This calls for a word-for-word copy of all the data, with each picture removed.

## The data
□ □ □ □ □ □ □

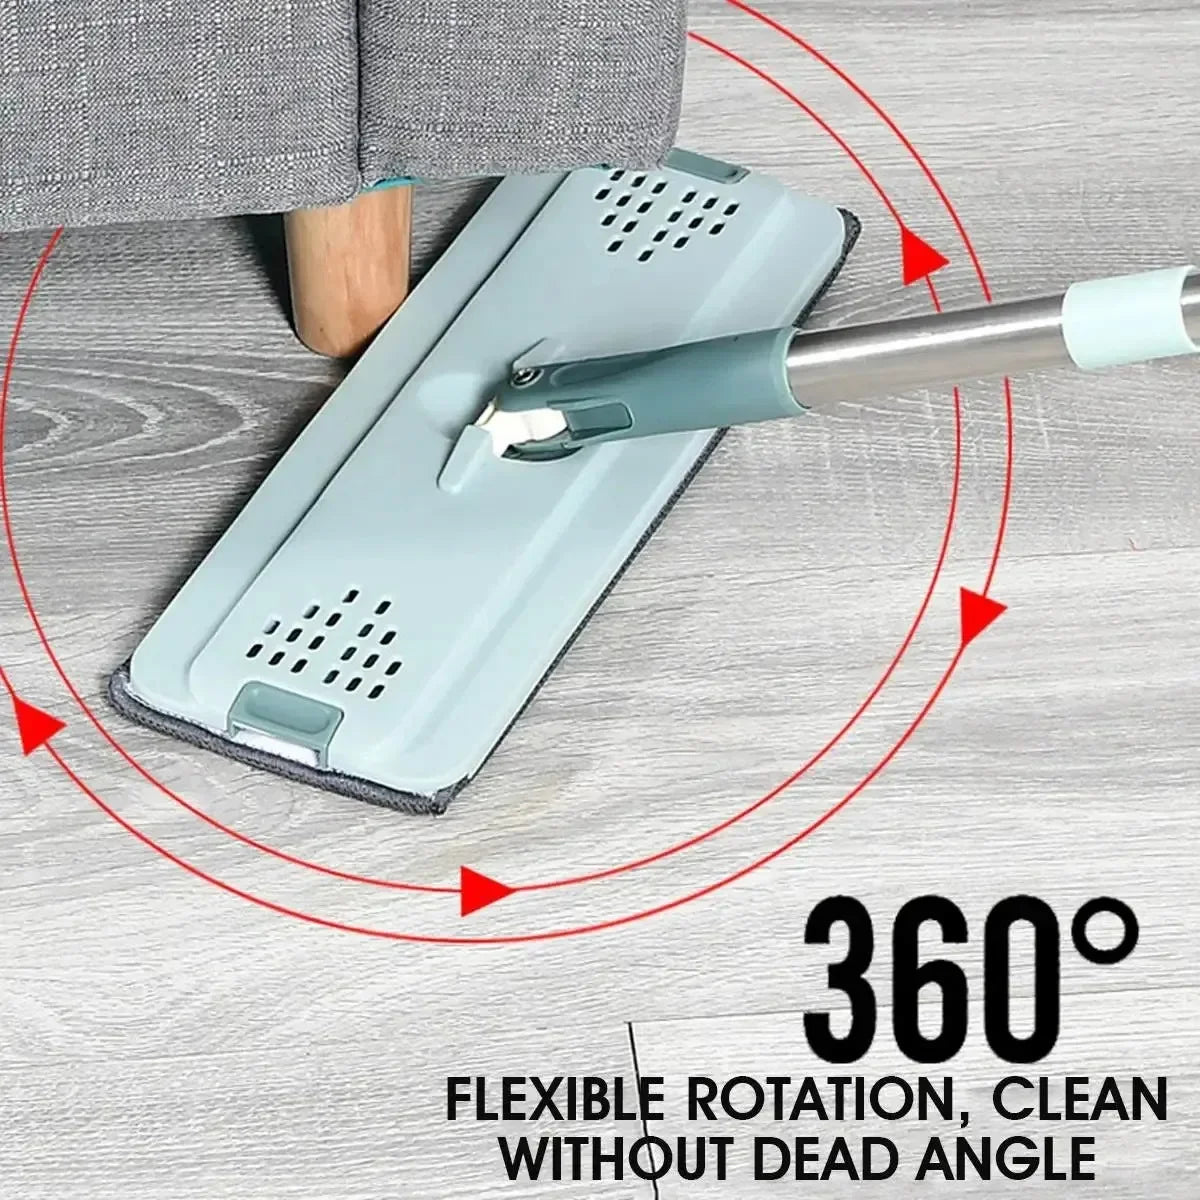 Mop with Bucket Hand Free, Wet or Dry Usage on Hardwood Laminate
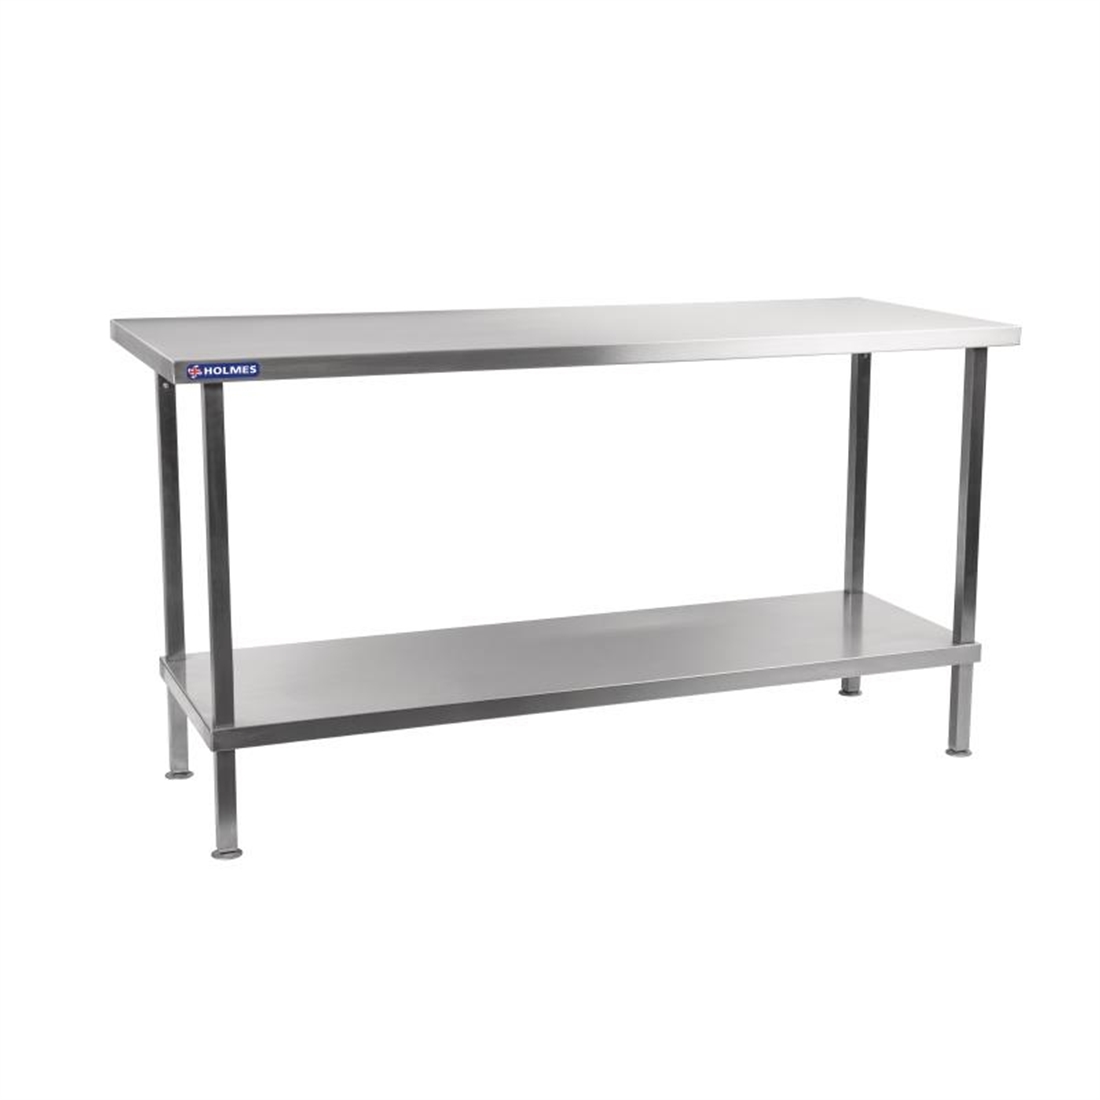 Holmes Self Asssembly Stainless Steel Centre Table 2100mm
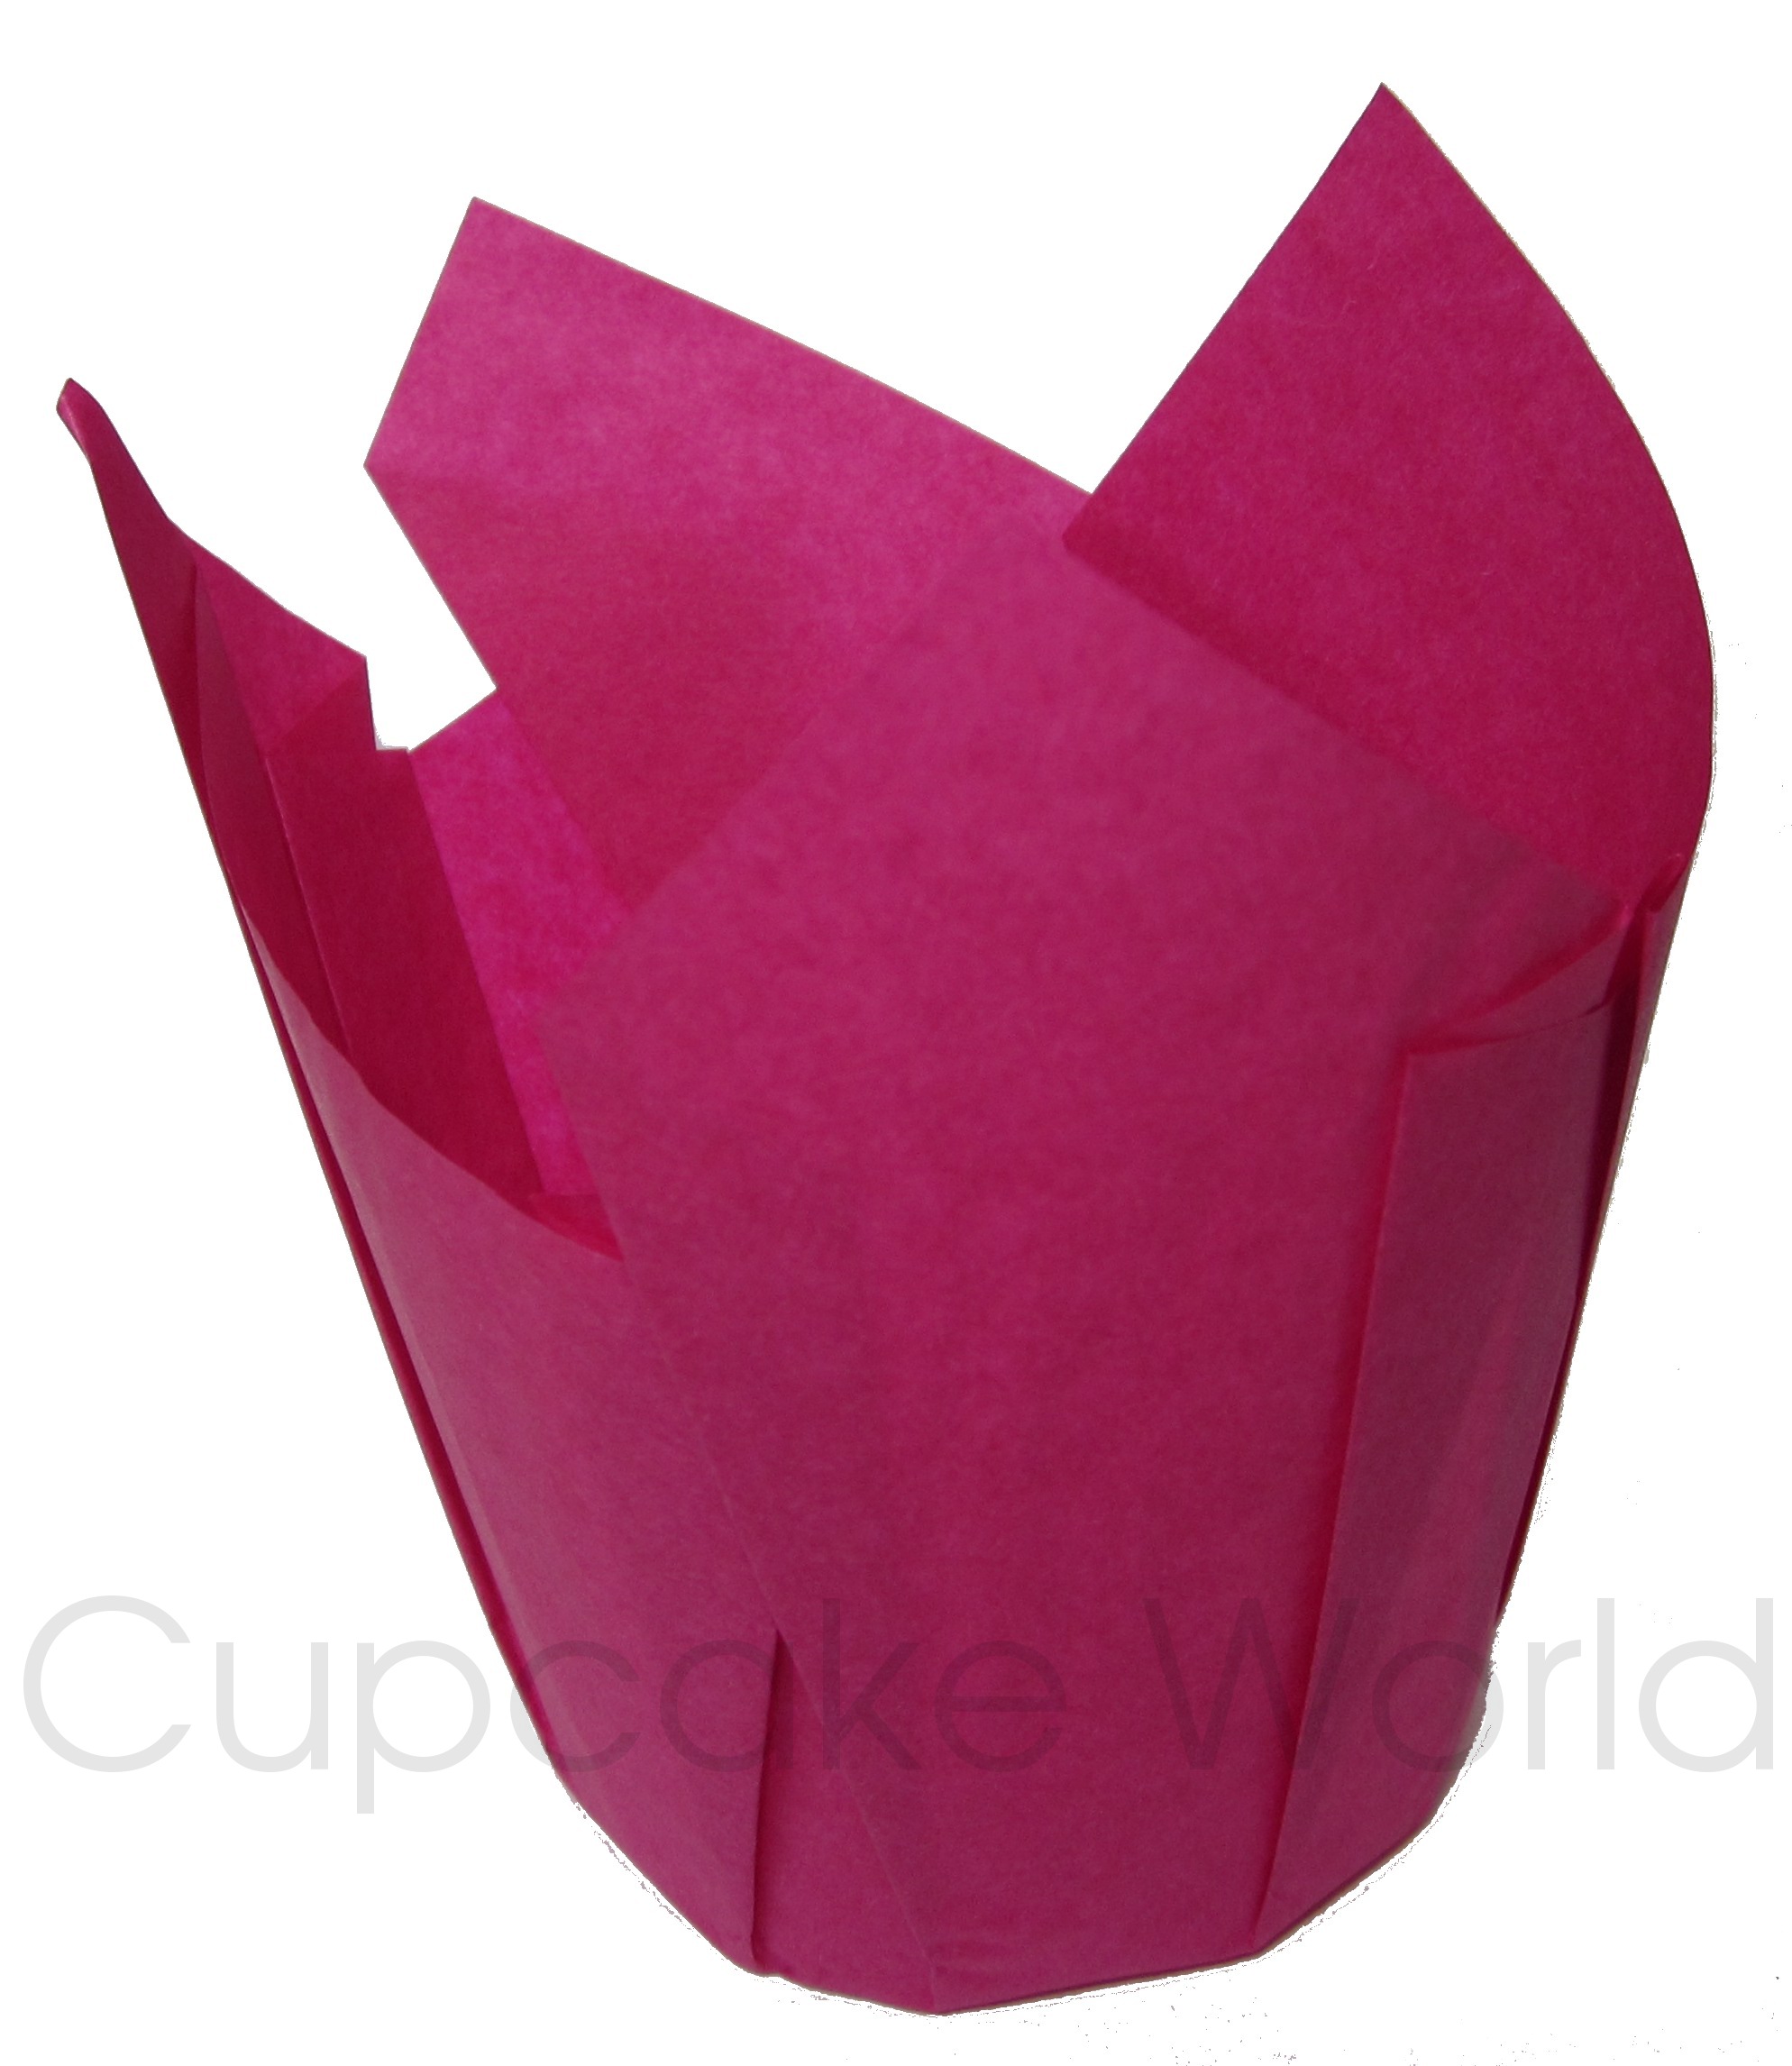 100PC CAFE STYLE HOT PINK PAPER CUPCAKE MUFFIN WRAPS STANDARD

□ □ □ □ □ □ □

## Solution for this task
 Mop with Bucket Hand Free, Wet or Dry Usage on Hardwood Laminate
 Holmes Self Asssembly Stainless Steel Centre Table 2100mm
 100PC CAFE STYLE HOT PINK PAPER CUPCAKE MUFFIN WRAPS STANDARD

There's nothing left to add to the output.